* **WORK REQUEST**
Only the lines below from the one containing "Lifestiles - Handmade" through the one containing "Louis Kahn Salk" belong in the answer, set down exactly, with the pictures left out.

* **DATA SECTION**
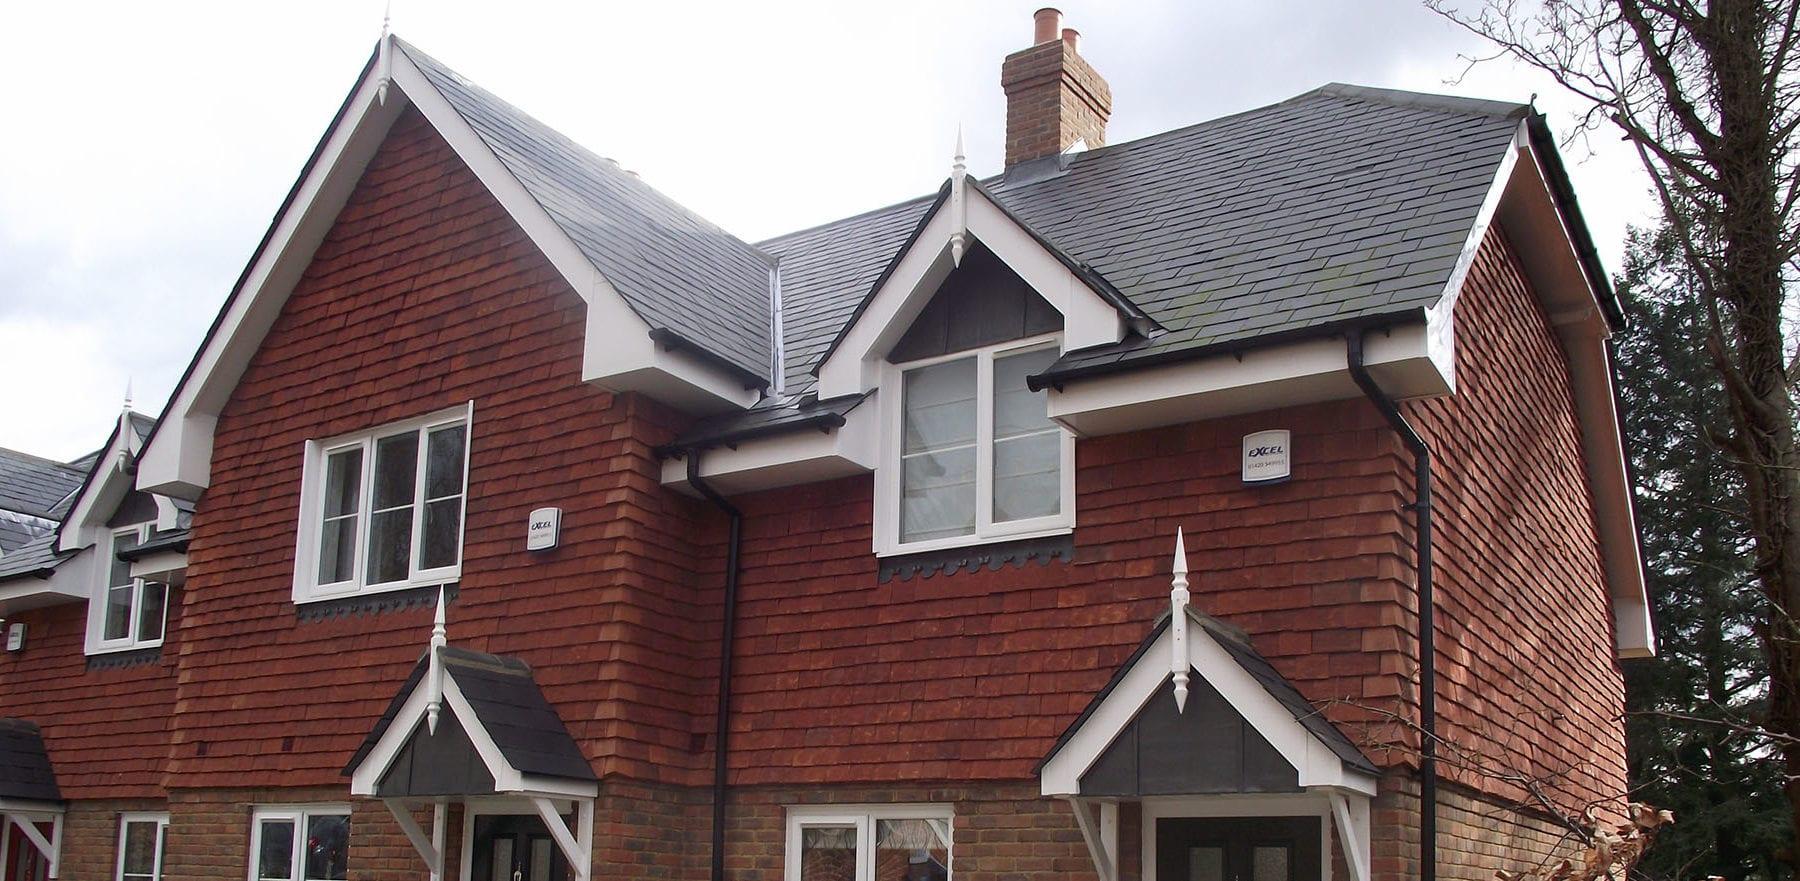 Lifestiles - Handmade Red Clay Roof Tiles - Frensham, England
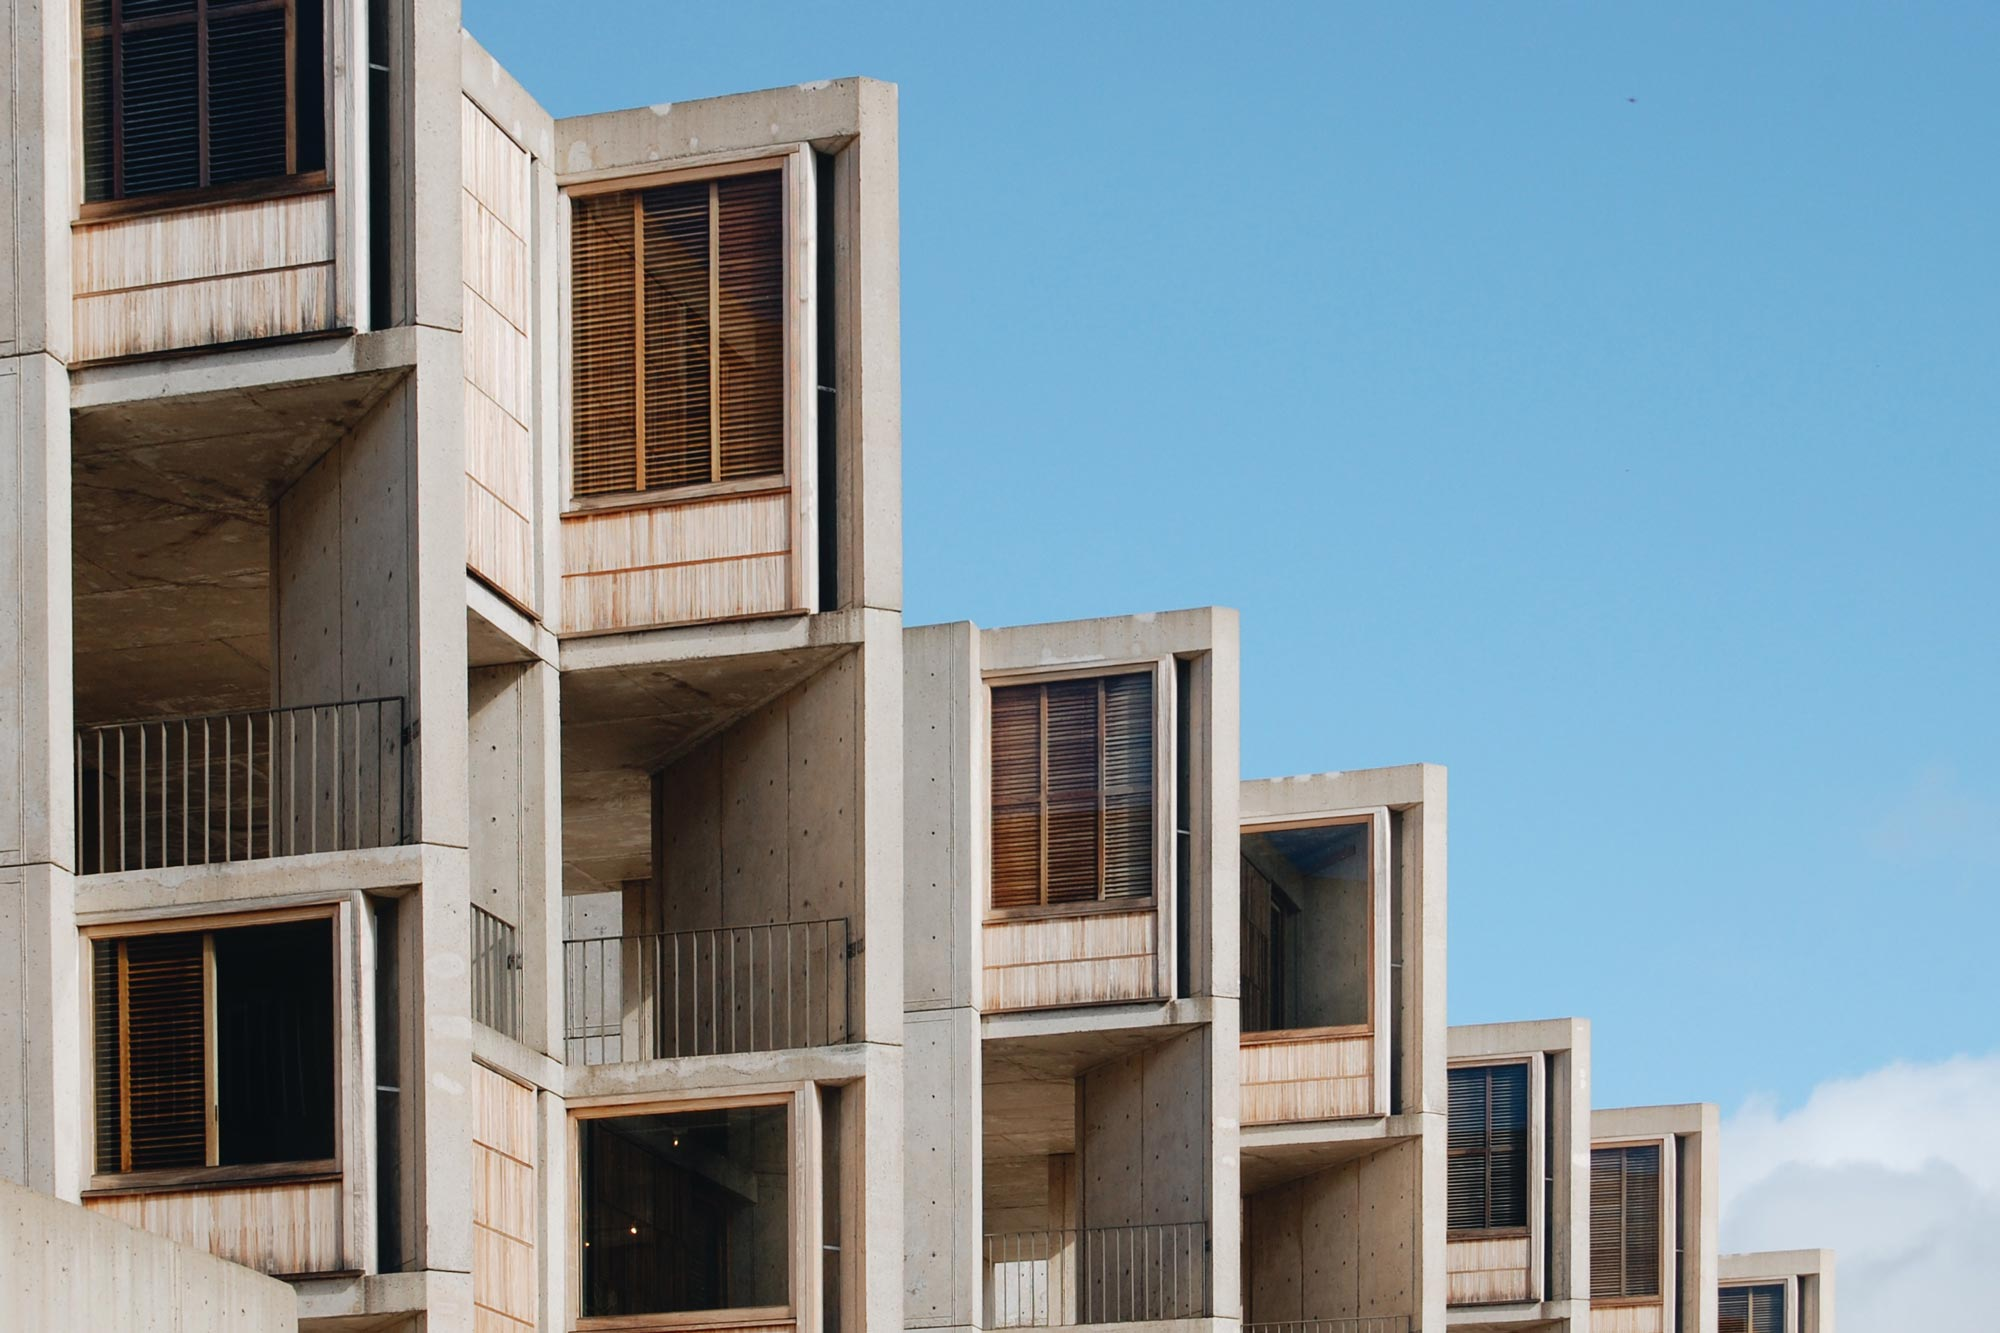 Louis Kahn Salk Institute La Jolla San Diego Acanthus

...

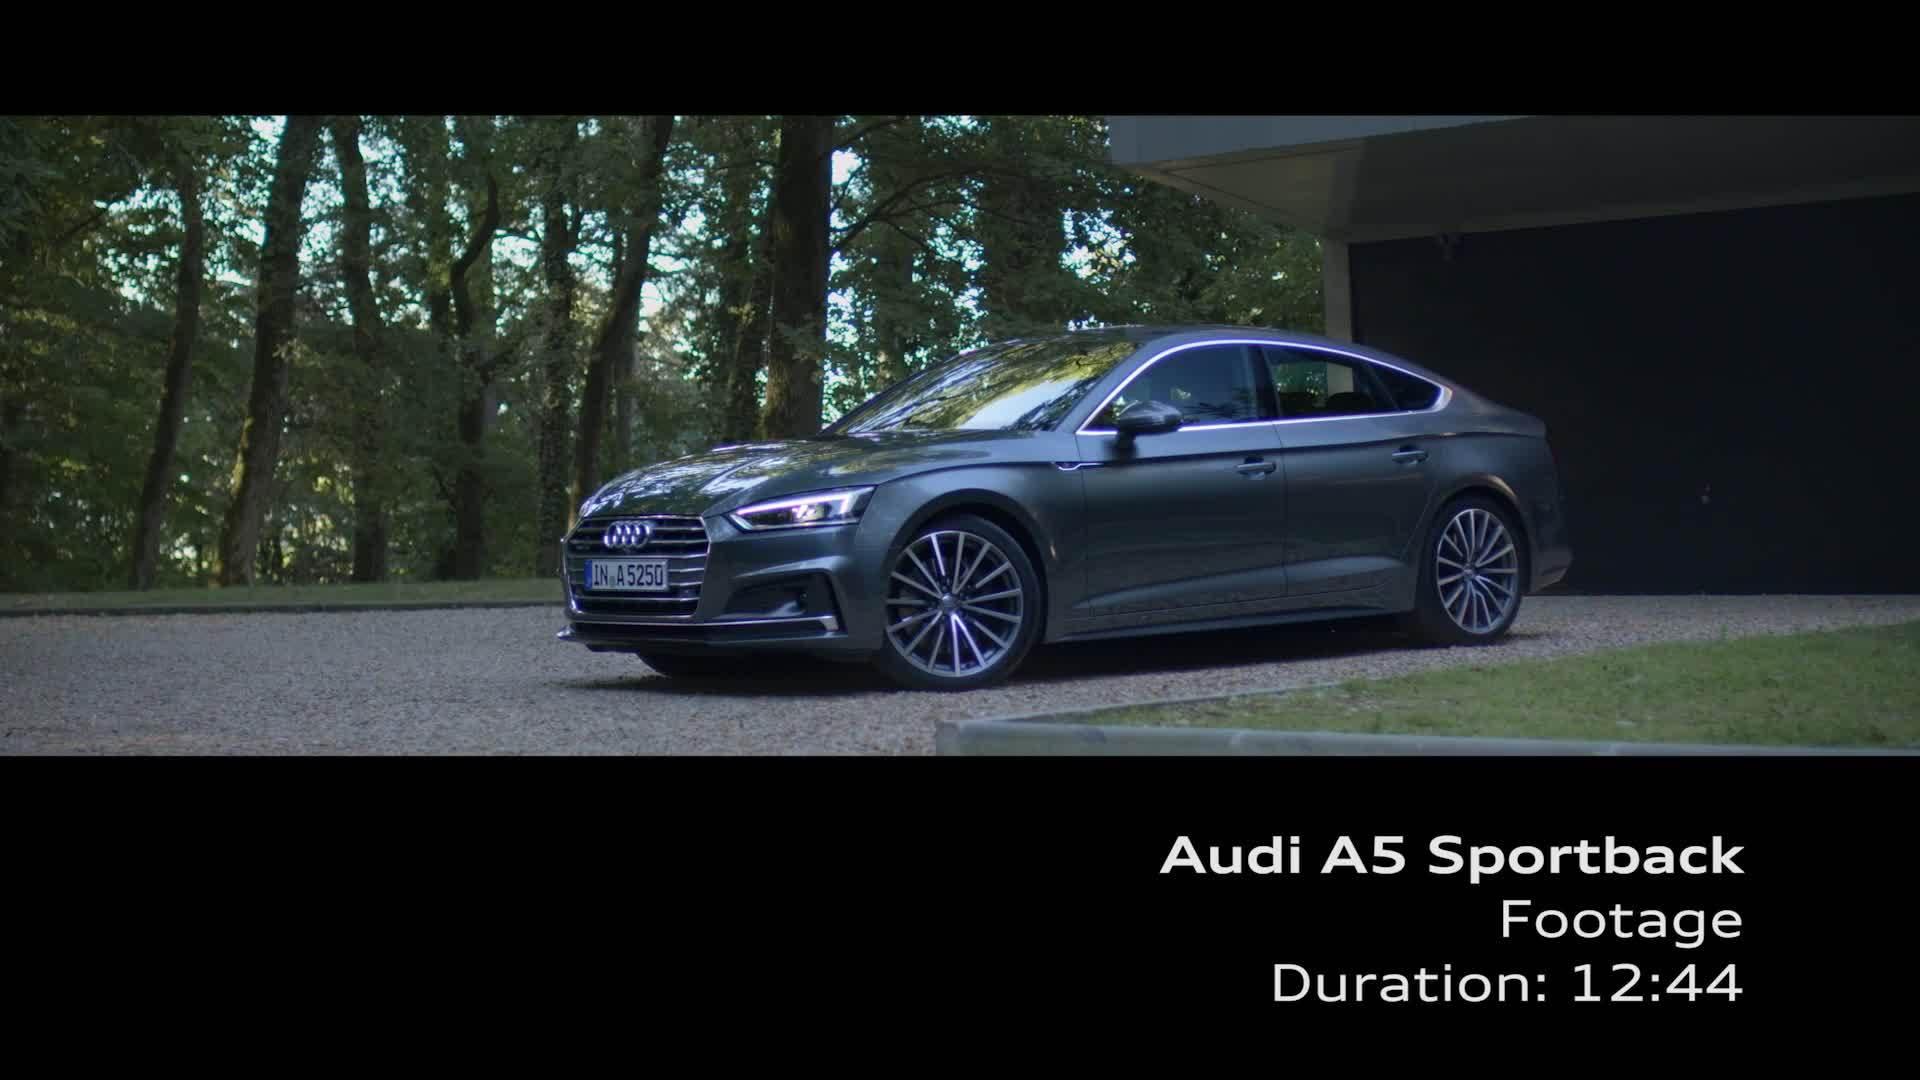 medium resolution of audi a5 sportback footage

...

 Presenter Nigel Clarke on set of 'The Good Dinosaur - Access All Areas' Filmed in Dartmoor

* **ANSWER TO THE PROBLEM**
 Lifestiles - Handmade Red Clay Roof Tiles - Frensham, England
 Louis Kahn Salk Institute La Jolla San Diego Acanthus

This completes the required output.